The classifier can be used to predict the class of new data.
Warning
This class can be pickled. However, the state of this class is only the classifier itself, not the parameter used to train it.
- Parameters:
-
learningMethod (str) – A string designating which learning algorithm we want to use. Possible values are: Chow-Liu, NaiveBayes, TAN, MIIC + (MDL ou NML), GHC, Tabu. GHC designates Greedy Hill Climbing. MIIC designates Multivariate Information based Inductive Causation TAN designates Tree-augmented NaiveBayes Tabu designated Tabu list searching
-
prior (str) – A string designating the type of a priorsmoothing we want to use. Possible values are Smoothing, BDeu, Dirichlet and NoPrior . Note: if using Dirichlet smoothing DirichletCsv cannot be set to none By default (when prior is None) : a smoothing(0.01) is applied.
-
scoringType (str) – A string designating the scoring method we want to use. Since scoring is used while constructing the network and not when learning its parameters, the scoring will be ignored if using a learning algorithm with a fixed network structure such as Chow-Liu, TAN or NaiveBayes. possible values are: AIC, BIC, BD, BDeu, K2, Log2 AIC means Akaike information criterion BIC means Bayesian Information criterion BD means Bayesian-Dirichlet scoring BDeu means Bayesian-Dirichlet equivalent uniform Log2 means log2 likelihood ratio test
-
constraints (dict ( )) –
A dictionary designating the constraints that we want to put on the structure of the Bayesian network. Ignored if using a learning algorithm where the structure is fixed such as TAN or NaiveBayes. the keys of the dictionary should be the strings “PossibleEdges” , “MandatoryArcs” and “ForbiddenArcs”. The format of the values should be a tuple of strings (tail,head) which designates the string arc from tail to head. For example if we put the value (“x0”.”y”) in MandatoryArcs the network will surely have an arc going from x0 to y.
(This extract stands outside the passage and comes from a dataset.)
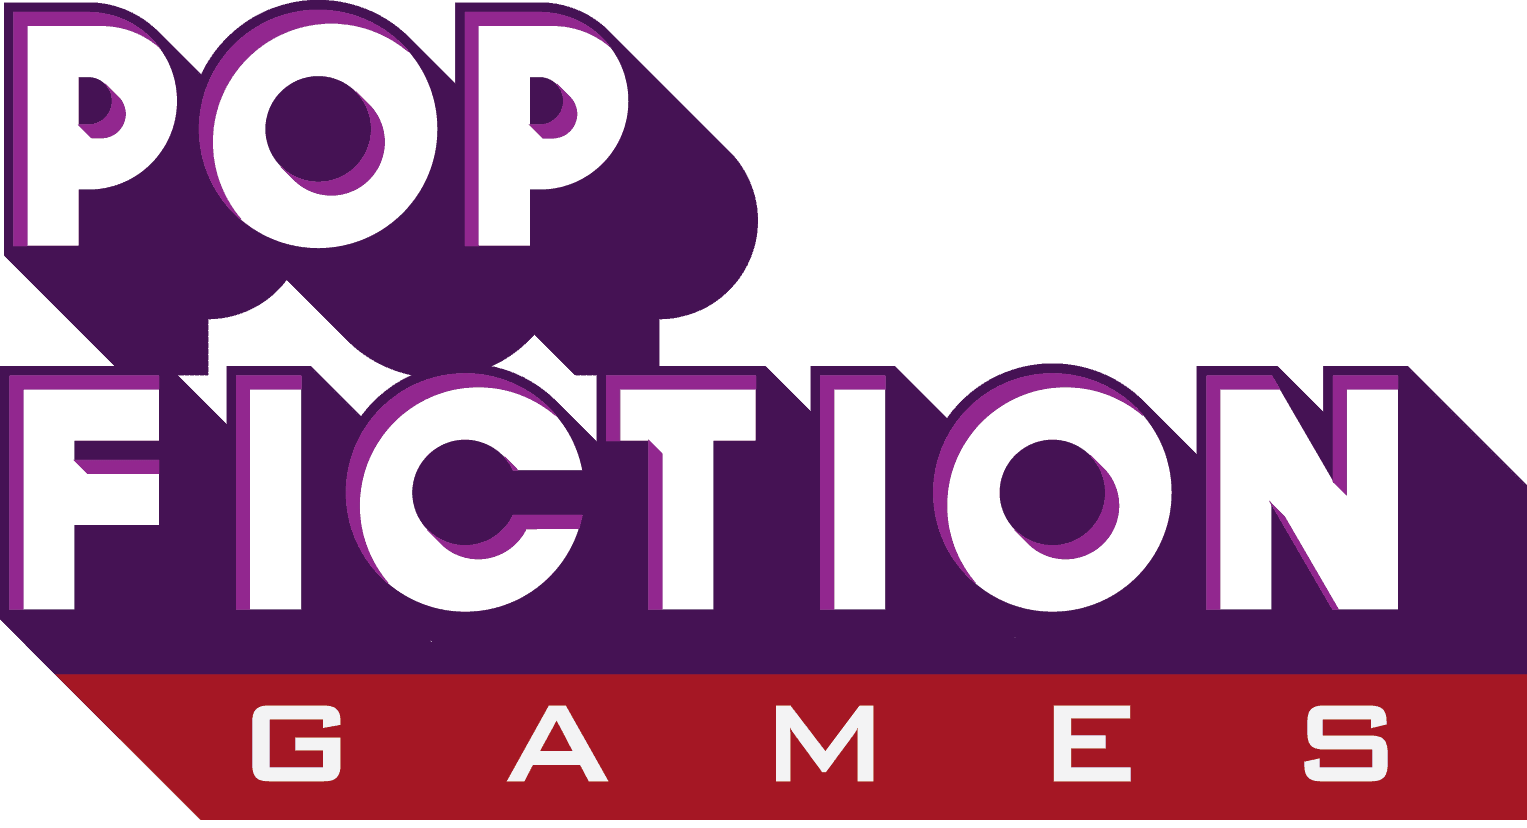 Pop_Fiction_Games_logo_1_29_2020a.png

Note: PossibleEdge allows between nodes x and y allows for either (x,y) or (y,x) (or none of them) to be added to the Bayesian network, while the others are not symmetric.
-
priorWeight (double) – The weight used for a prior.
-
possibleSkeleton (pyagrum.undigraph) – An undirected graph that serves as a possible skeleton for the Bayesian network
-
DirichletCsv (str) – the file name of the csv file we want to use for the dirichlet prior. Will be ignored if prior is not set to Dirichlet.
-
discretizationStrategy (str) – sets the default method of discretization for this discretizer. This method will be used if the user has not specified another method for that specific variable using the setDiscretizationParameters method possible values are: ‘quantile’, ‘uniform’, ‘kmeans’, ‘NML’, ‘CAIM’ and ‘MDLP’
-
discretizationNbBins (str or int) – sets the number of bins if the method used is quantile, kmeans, uniform. In this case this parameter can also be set to the string ‘elbowMethod’ so that the best number of bins is found automatically. If the method used is NML, this parameter sets the maximum number of bins up to which the NML algorithm searches for the optimal number of bins. In this case this parameter must be an int If any other discretization method is used, this parameter is ignored.
-
discretizationThreshold (int or float) – When using default parameters a variable will be treated as continuous only if it has more unique values than this number (if the number is an int greater than 1). If the number is a float between 0 and 1, we will test if the proportion of unique values is bigger than this number. For instance, if you have entered 0.95, the variable will be treated as continuous only if more than 95% of its values are unique.
-
usePR (bool) – indicates if the threshold to choose is Prevision-Recall curve’s threshold or ROC’s threshold by default. ROC curves should be used when there are roughly equal numbers of observations for each class. Precision-Recall curves should be used when there is a moderate to large class imbalance especially for the target’s class.
-
XYfromCSV(filename, with_labels=True, target=None)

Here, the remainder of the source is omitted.